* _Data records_
_ _ _

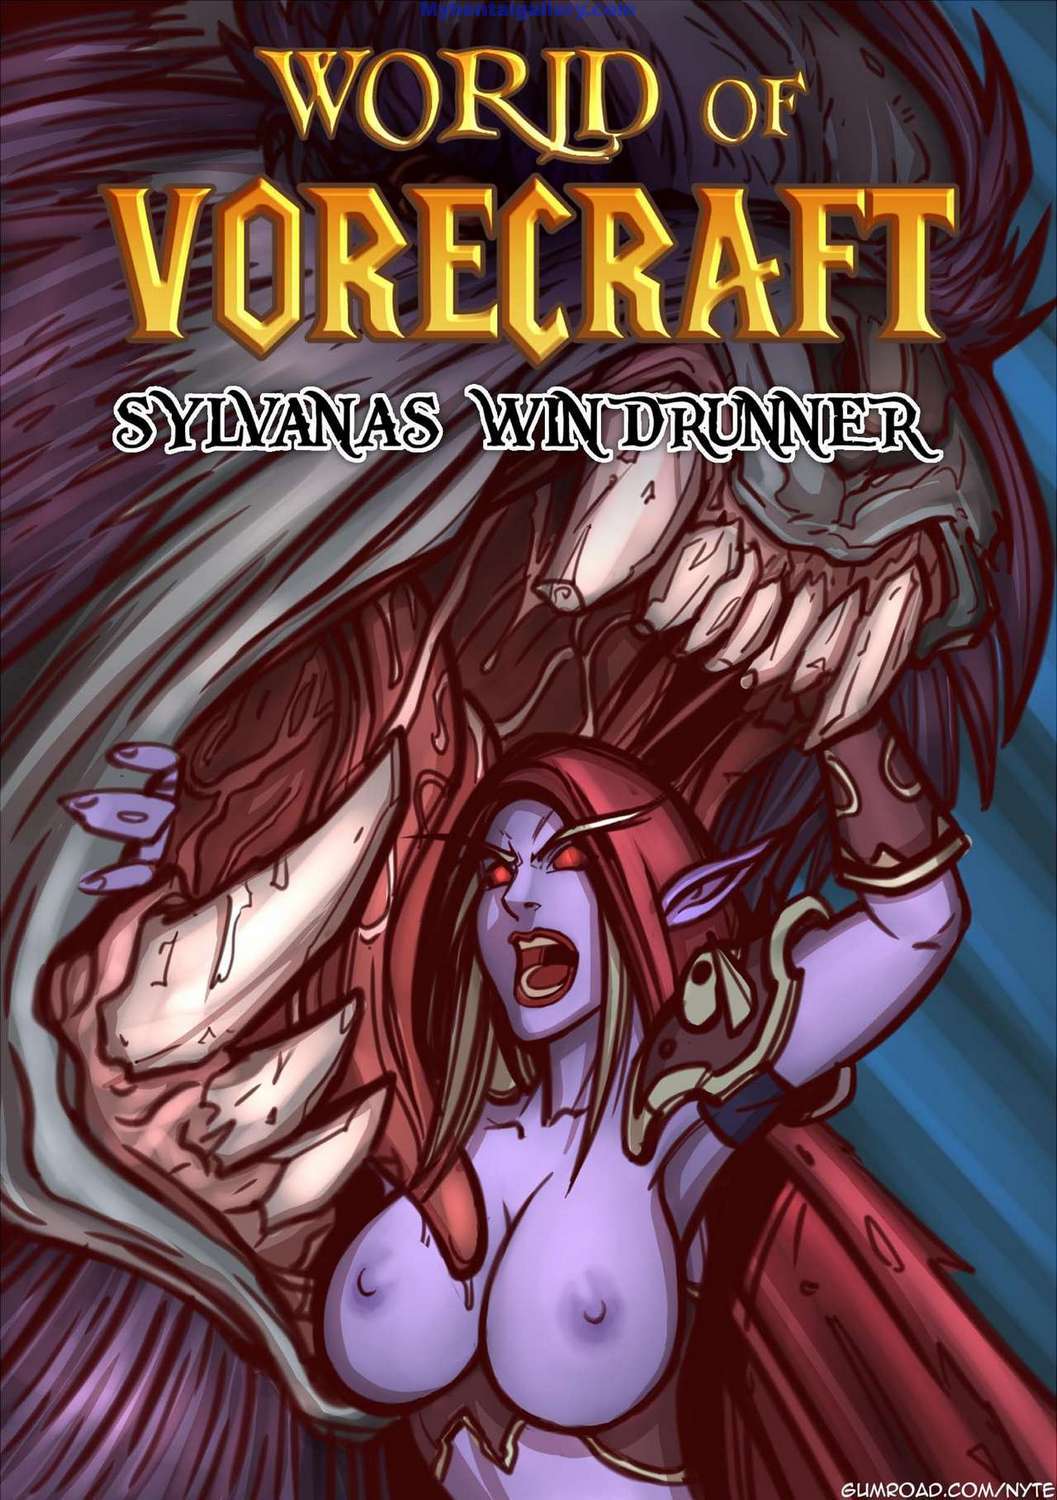 World of Vorecraft - Sylvanas Windrunner
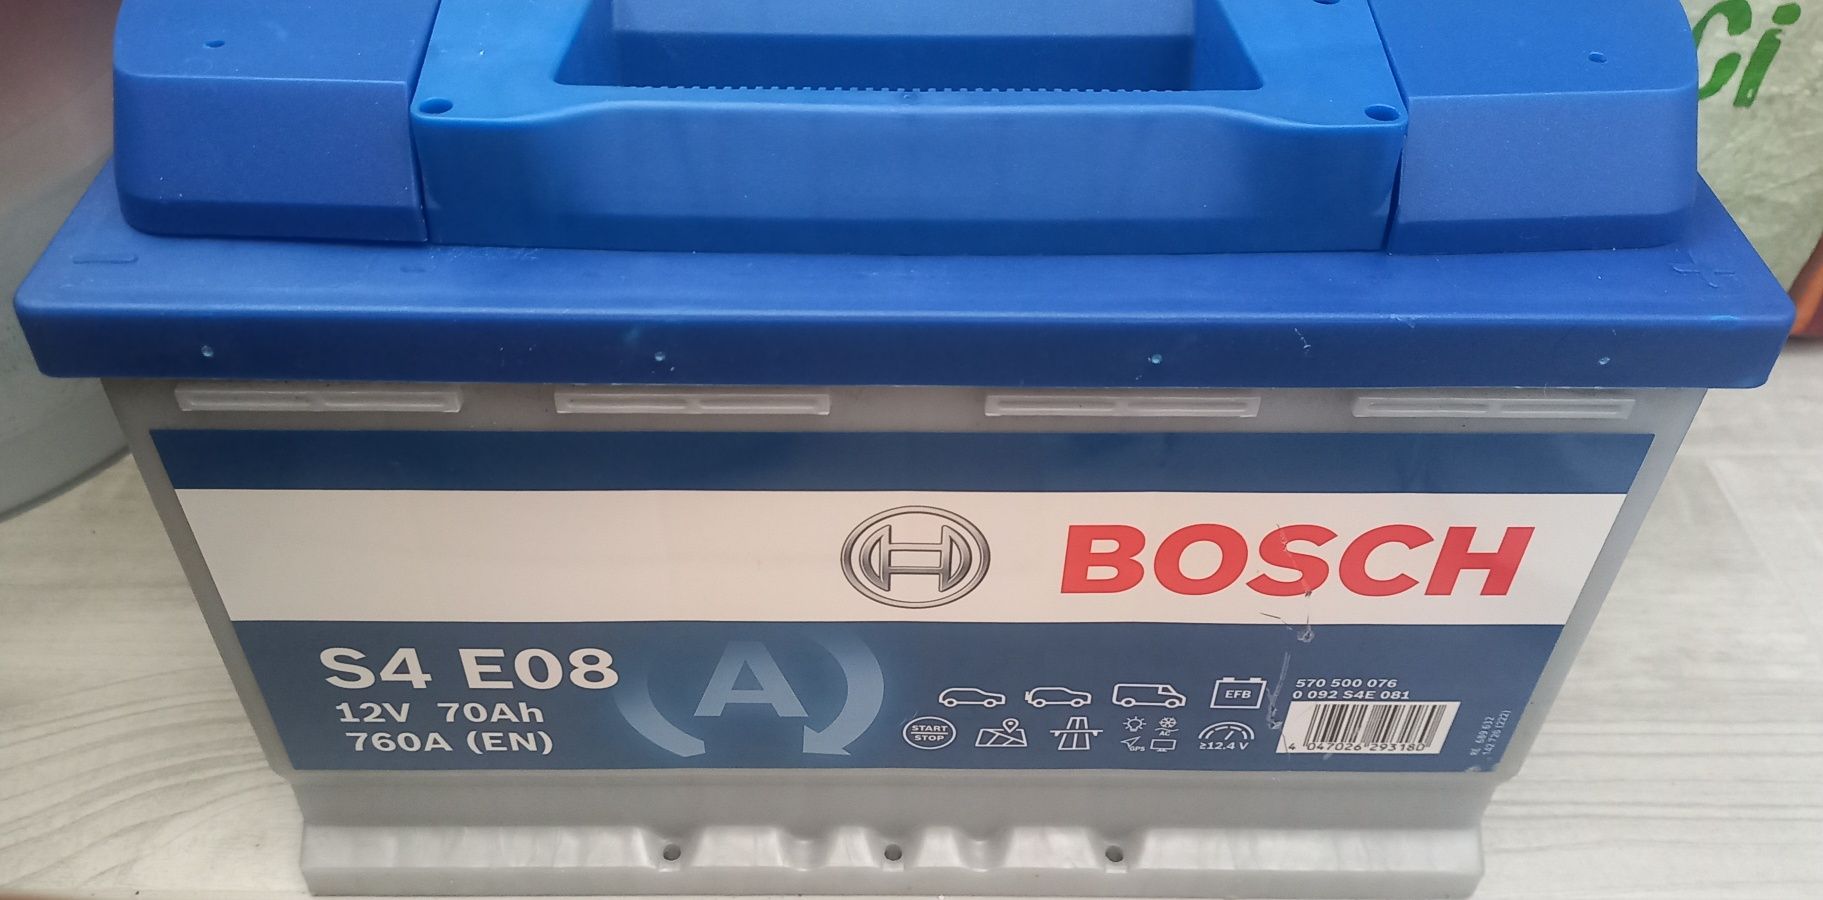 Автомобильный аккумулятор Bosch 70Ah-12v EFB (S4E08), R+, EN760
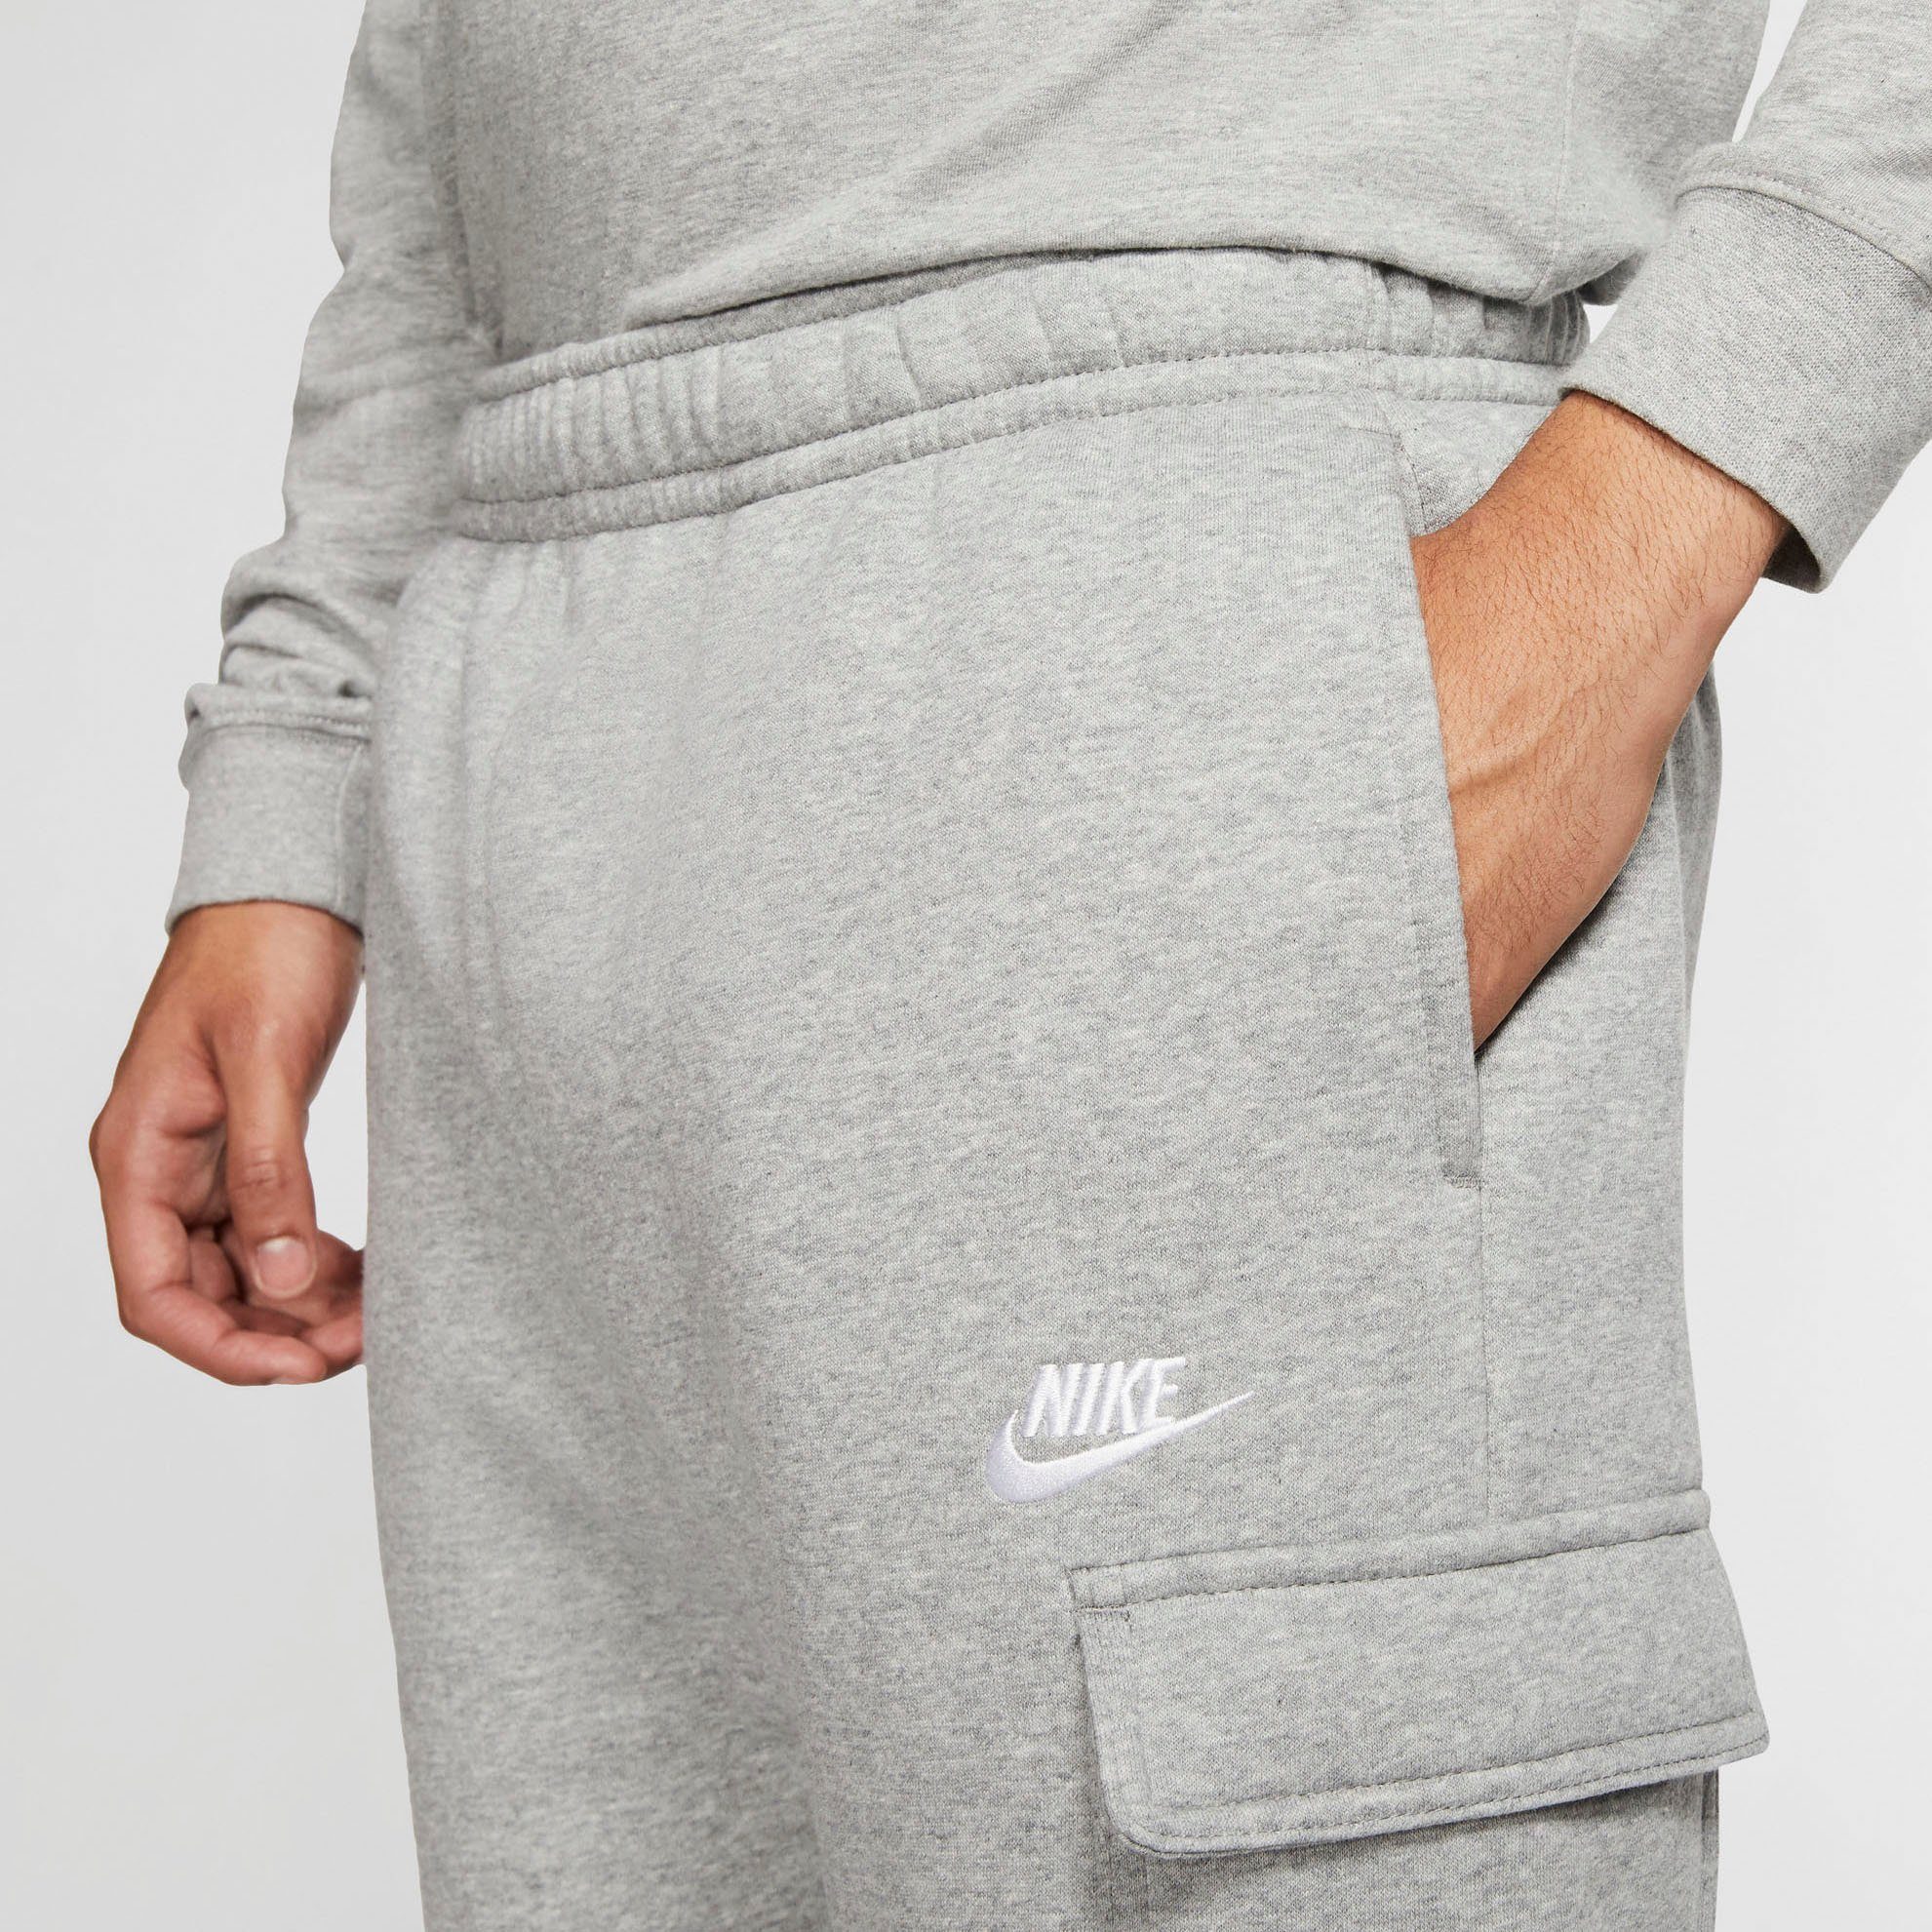 MEN'S CARGO Jogginghose CLUB Sportswear hellgrau-meliert Nike FLEECE PANTS
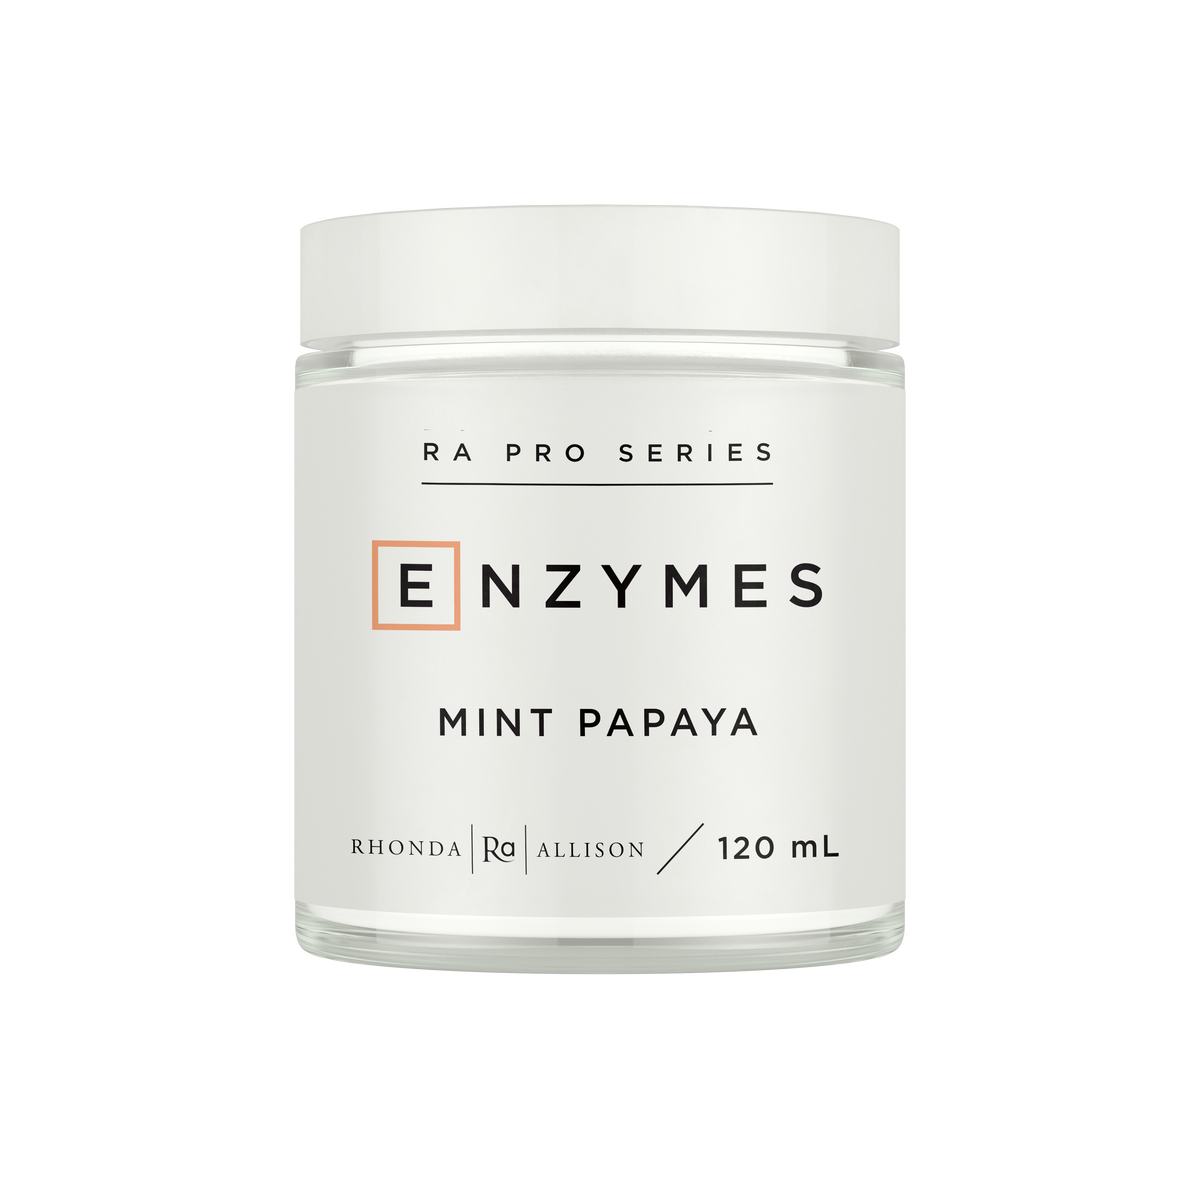 Mint Papaya Enzyme
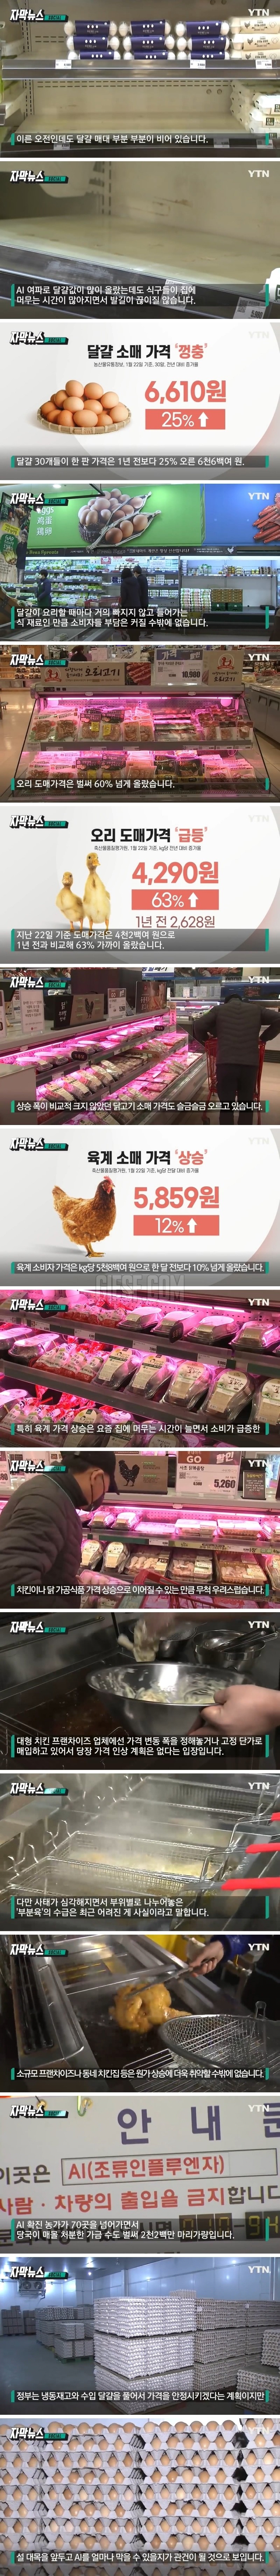 걱정되는 닭고기 상황에.치킨 가격 어쩌나.jpg

_ _ _

* _Required action_
Return all records exactly; no pictures.

* _Answer to this task_
 World of Vorecraft - Sylvanas Windrunner
 Автомобильный аккумулятор Bosch 70Ah-12v EFB (S4E08), R+, EN760
 MEN'S CARGO Jogginghose CLUB Sportswear hellgrau-meliert Nike FLEECE PANTS
 Mint Papaya Enzyme
 걱정되는 닭고기 상황에.치킨 가격 어쩌나.jpg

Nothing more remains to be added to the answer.